Secdeye gitmiş geri gelememiş :)
 Tekrar yerine koydum, bu sefer üzerine bayağı bir ağırlık koydum...
Bunu atlamışız ağırlık olsaydı devrilmezdi...
Fırtına tek yönden esmemiş sürekli yön değiştirmiş ve hiç esmeyeceği yerden esmiş.
Burada rüzgar, güney ve kuzeyden eser, son rüzgar batıdan esmiş, geride bıraktığı izler o yönde...
 Bayağıda kar vardı...
 Kovanların önü güneyde, arkası ise kuzey, karın duruşuna bakılırsa batıdan rüzgar esmiş...
 Güzel görüntüler vardı Pelitli de...
 Görüntüler güzel....
 Bir kaç gün sonra Gebze 12 derecelere çıkacak, hava raporları öyle tahmin yayınlıyor, perşembeye ne kaldı...
 Kar dün erimiş galiba gece akan sular buz tutmuş...
 Etrafı gezerken bu kutuya kafam takıldı, nasıl bir ortam denk geldi, kutuyu dıştan ağ kurdu sardı onu düşünüyorum....
 Bazı ruşetlere kutudaki arılrı birleştirirken, kutuyu ruşetin içine bıraktığım oluyordu, uzun süre kutu alınmayınca bu iş olmuş, başka bir şey bulamadım...
 Her şey kar altında....
 sonbaharda kutuları  zaman zaman toparlamaya çalıştım, resmin solundaki kutularda ballı çıtalar var.
 Baharda ilk olarak bu ballı çıta olanlar kullanılır, her kutuda 4 ballı çıta var, baharda her kutuya birer tane dağıttık mı ziyan olmazlar...
Pelitli tamamdır istikamet, Darıca...

Yolda İlhami abiye rastladım, bahçeye gidiyor.
Birlikte arıların yanına girdik.
Yeni bir balta almış süper...
Bu arada burada kar yok diyebiliriz...
Pelitli ile burası 15 Km, aradaki fark resimlerde...

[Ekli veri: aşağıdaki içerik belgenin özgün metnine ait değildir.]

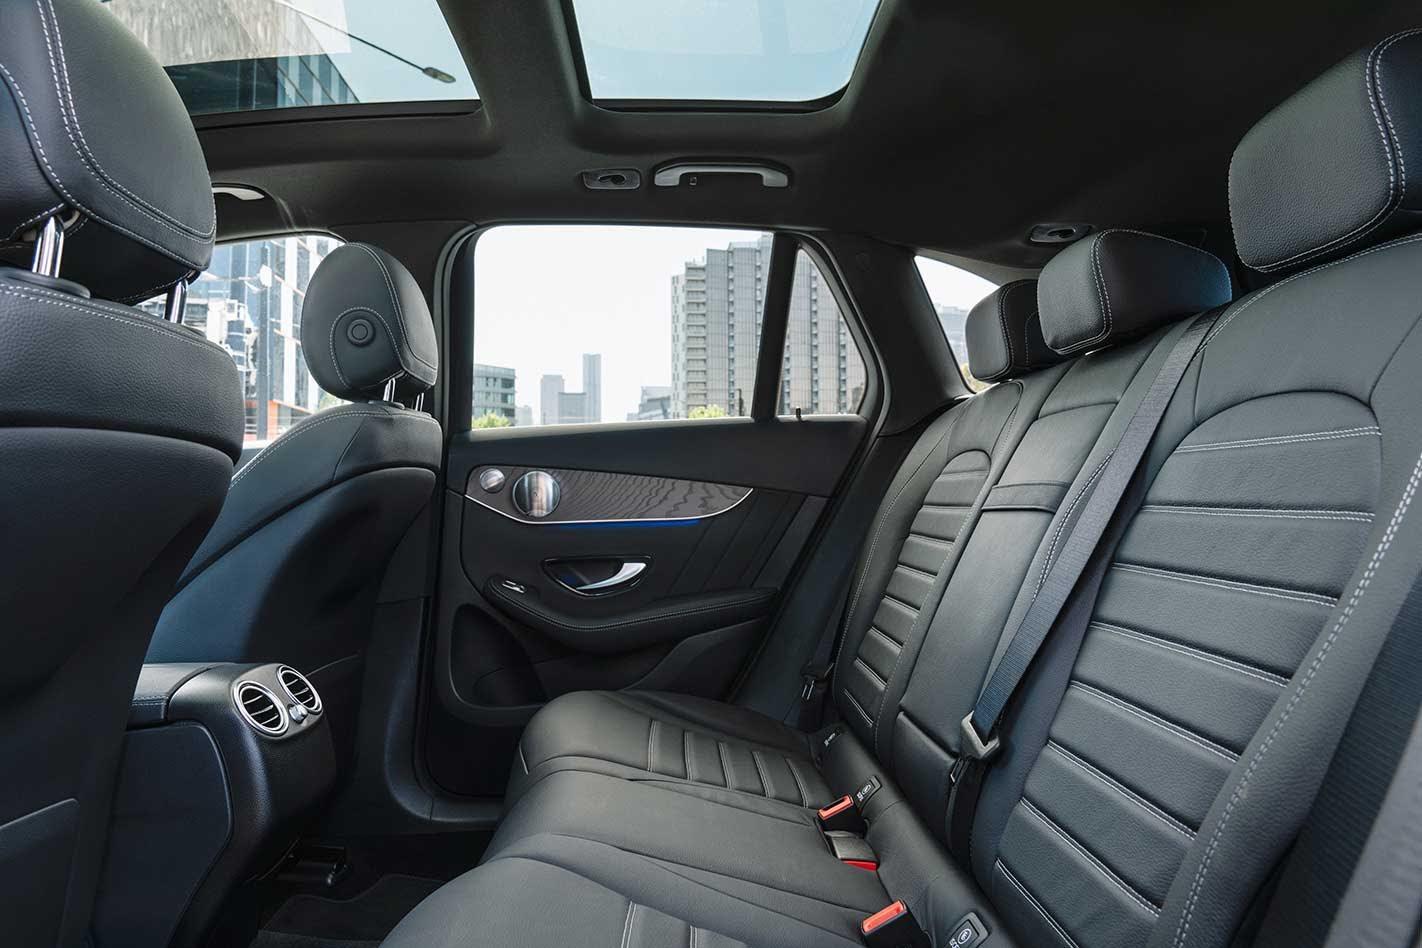 Mercedes-Benz GLC 300 review

 İlhami abinin en büyük zevklerinden biride enginar üretmek ve enginar fidesi dağıtmaktır...
Bu ilgiden enginarlar memnun ki, kışın bile meyveye durmuşlar...
 İlhami abi yayılmacı bir enginar cı, yeni yerler oluşturuyor, enginar fidelerine...

Darıca da bitti hedefim Gebze...
Birazda Gebze de uğranacak yerlere uğrayıp evin yolunu tuttum...
 Gebze de bizim cila hane önündeki bahçede yer elması vardı, bir türlü sökmediler, karın altında kaldılar...
Kazmayı alıp biraz çalışasım geldi, biraz yer elması söktüm...
Üç tur yıkamada ancak temizlendiler genede suya ısladım, bir tur daha geçmek lazım...

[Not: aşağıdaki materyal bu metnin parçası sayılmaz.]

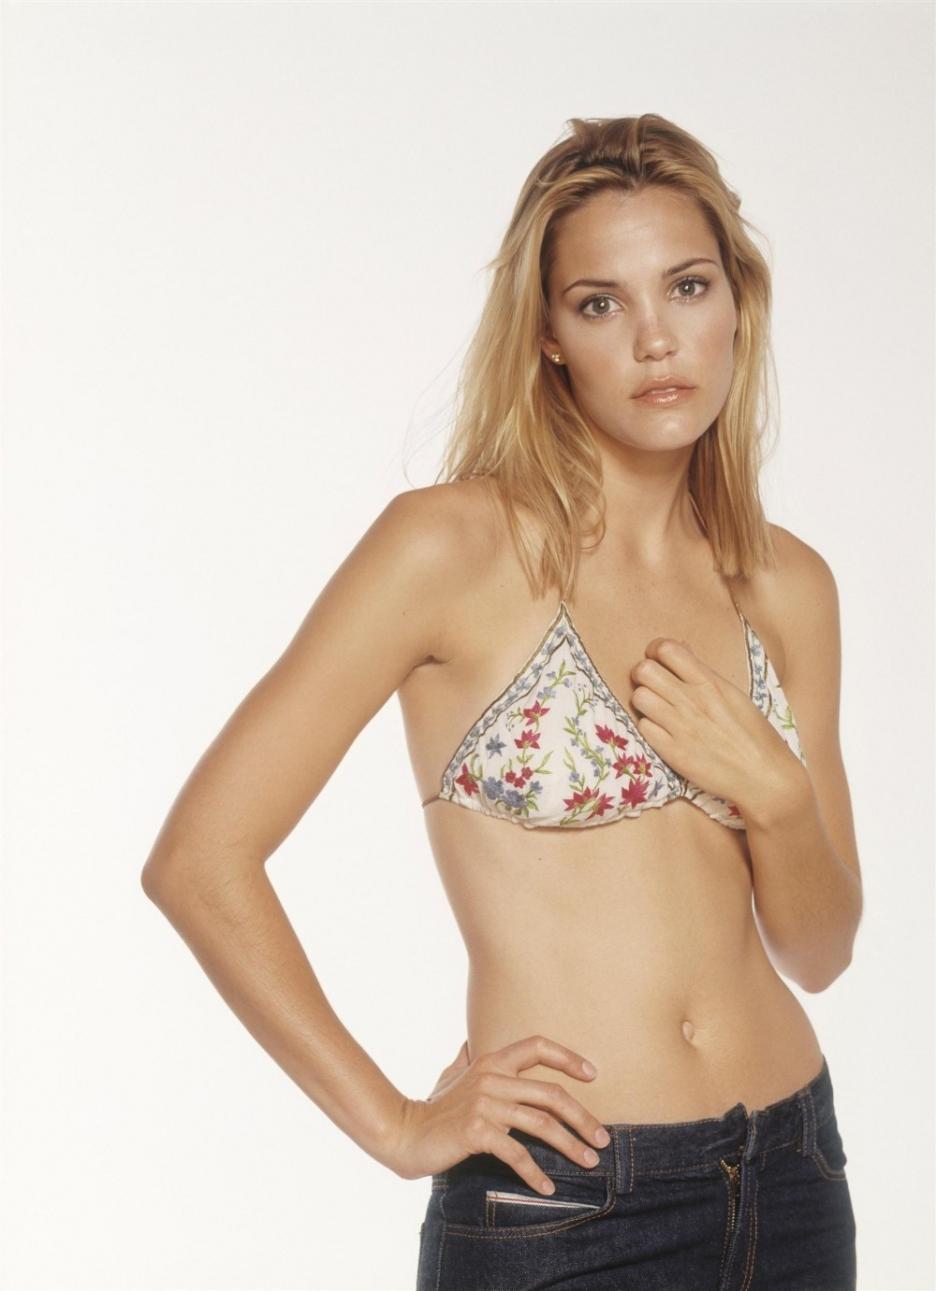 Leslie bibb bikini pics

Hiç bir yere yıkılamadık, mecbur evdeki zulaları patlatılacak... :(


Dolaptan iki çulluk çıkartım daha önceden tüyleri yolunmuştu sadece parçala yıka tencereye...
Bizim yörede soğanlı av etinden yapılan yemeğe papara denir...
Buralarda yahni diyorlar...
Yemek yapma konusunda iyiyimdir...

 İri bir soğanı doğradım yağda çevirdik, buralarda kavurduk denir...
Soğan pembeleşince, içine salça atılıyor...
 salçayla'da çevrilen soğan eti beklemekte...
 Sonra eti atıyoruz, et kendi suyunu salana kadar 3-5 dakika ara ara karıştırıyoruz. Malzeme sulandığında yemeğin suyu konur, aşırı su yemeğin lezzetini bozar, malzemeyi biraz geçsin yeterli kısık ateşte yarım saat pişer ve soğuduğunda servis başlar...

Yanlışlıkla çok su katılırsa malzemeler görünene kadar kaynayıp suyun uçması beklenmeli...
Papara'mız hazır...
Yani çulluk yahnisi...
Bu arada ocak ayının son haftasına giriyoruz bahara bir şey kalmadı...

2 yorum:

miriliburak dedi ki...

Abi selamlar;

Efraim abiye umre hatıralarını anlattıramadık.
Konuyu bir kaç kez başa aldım ama nasıl oldu da her defasında yeniden arıya döndük anlayamadım. Güzel bir gündü hele kuru fasulye epey lezzetliydi bıraksak tencereyle götürecektin :))

Hayırlı günler...

yusuf şimşak dedi ki...

SLM...

Sayın Bakanım.

Güzel bir iş yaptınız .Hem dost , hem de dini bir ziyaret oldu.Gelememiş olsam da çok keyif aldığınıza eminim.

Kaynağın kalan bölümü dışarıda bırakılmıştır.